What makes Mexico's sulphur doubly attractive is the fact that the deposits are located in gigantic salt domes, which can be mined by the Frasch process, the cheapest method known. (Superheated water is pumped into the ground to liquefy the sulphur, which is then pumped to the surface.) Costs range from $7 to $20 per ton, as low as one-tenth the cost of other methods, and far cheaper than the world market price of $32 per ton.
Into the Jungle. The men largely responsible for the boom are three genial, Louisiana-born brothers named Brady--Lawrence, 58, Ashton, 56, and William, 54--who have become wealthy by a combination of brainy prospecting and luck. They found the sulphur, and now own Gulf Sulphur Corp., plus an exploration outfit called Amican Sulphur Co., S.A., and have sizeable stock interests in both Pan American and Mexican Gulf Sulphur. Working as a team, brothers Lawrence and Bill run the administrative end; Ashton is the geologist.

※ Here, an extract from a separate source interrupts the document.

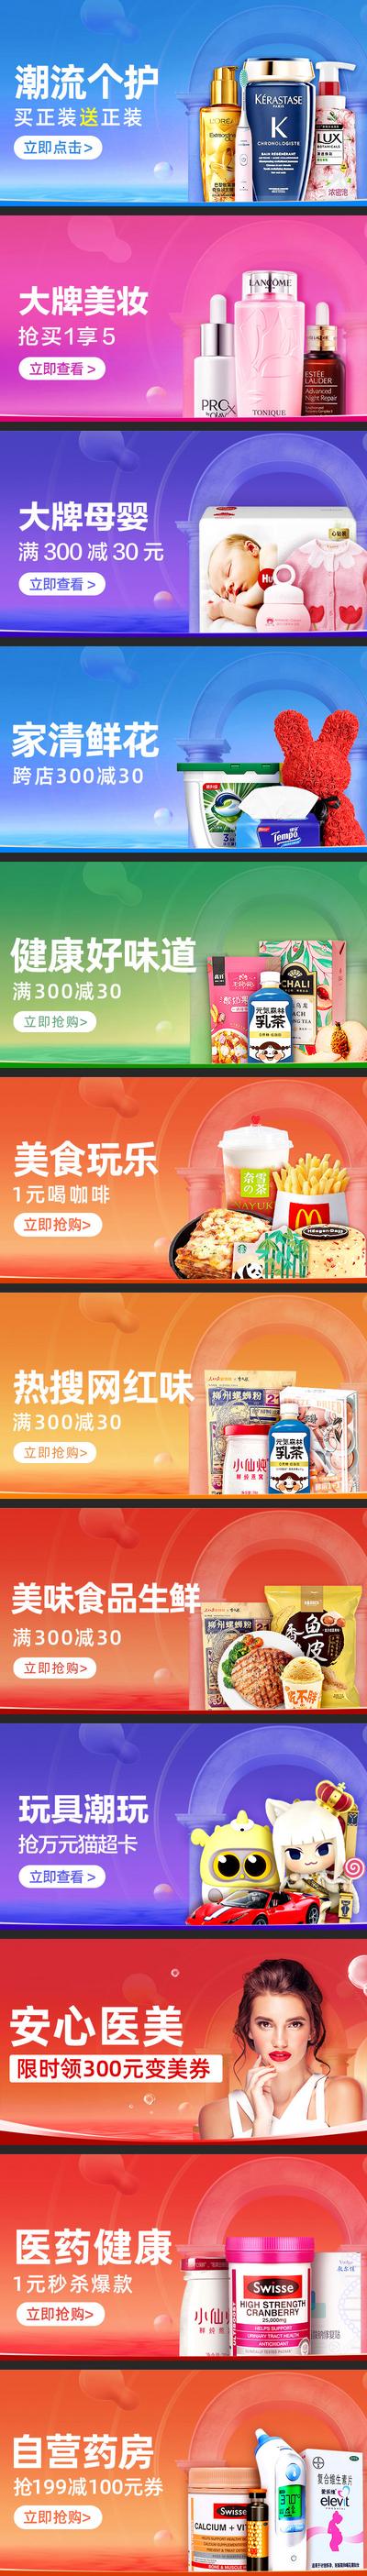 南门网 电商海报 淘宝海报 banner 食品百货 美妆 孕婴用品 医药健康
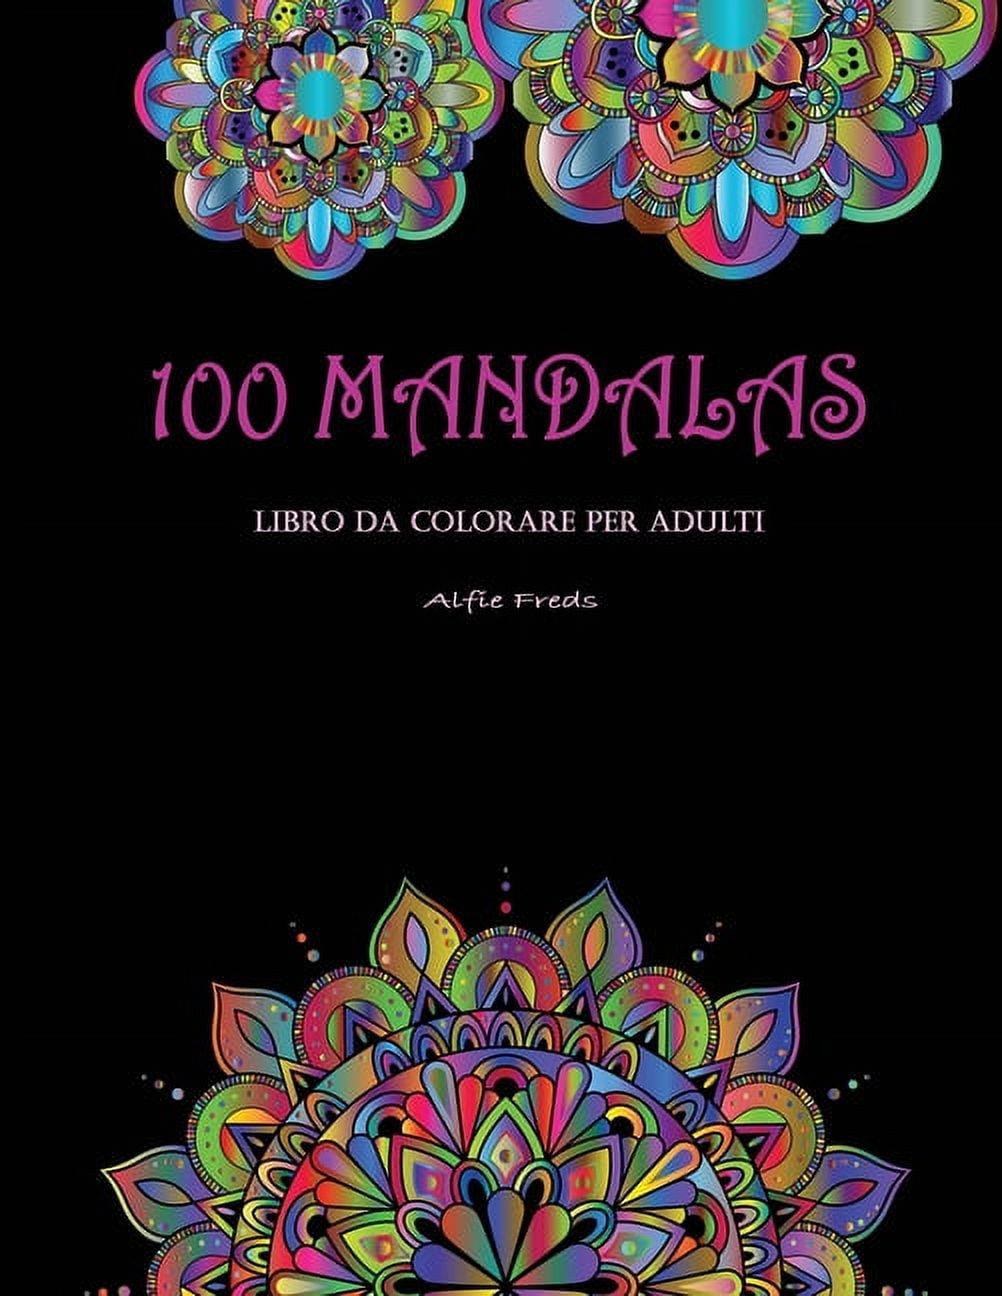 100 Mandalas Libro Da Colorare Per Adulti : Mandala belli, rilassanti e  antistress da colorare - Fantastici disegni da colorare per passatempo e  presenza. (Paperback)

The Brady brothers, who have worked on and off as contract drillers for oil companies, got their first hint of Mexican sulphur 15 years ago when Ashton picked up a 1904 Shell Oil Co. exploration report. It told of salt domes on the Isthmus of Tehuantepec, a geological formation that often indicates sulphur. It took six years before they could prove their hunch. Starting to drill near San Cristobal in 1942, they were slowed down by the war, by an unfriendly and suspicious local population, even by the malaria-filled jungle itself, where torrential rains turn everything into a quagmire six months of the year. The first two wells were dry holes, but the third brought in sulphur. By 1947 the Bradys had proven out 3,000,000 tons, and turned over their concession to the newly organized Mexican Gulf Sulphur Co. in return for two seats on the board of directors and a big block of stock. The San Cristobal find was only the start.
Moving northward, the Bradys soon struck it really rich; in the Jaltipan area they found a great dome that may be the world's biggest, surpassing even Texas' famed Boling Dome, which has yielded 40 million tons. This time the Bradys turned over production rights to a group of Texas oilmen who formed Pan American Sulphur Co.
Up to the Penthouse. Since then, the Bradys have found sulphur in still a third area, Salinas, and formed their own Gulf Sulphur Corp. They get the same profitable deal the Mexican government has made with the other companies: a 20-year agreement under which they pay production royalties of between 4% and 15%, plus an export tax ranging up to 8%.
Last week the Brady brothers moved into one of Mexico City's newest office buildings, where they could keep a radio check on their jungle drilling rigs from a carpeted, glass-walled penthouse. Reports came in of three new wells, two for Brady companies and one for their biggest rival, the huge Texas Gulf Sulphur Co., the world's biggest sulphur producer. Texas' well in Mexico was its first find after four discouraging years of drilling at a cost of $6,000,000, and even then it was not a large deposit. Says Bill Brady with a shrug: "You work like hell to find it. If you don't, you don't. [We had] the luck of the Irish."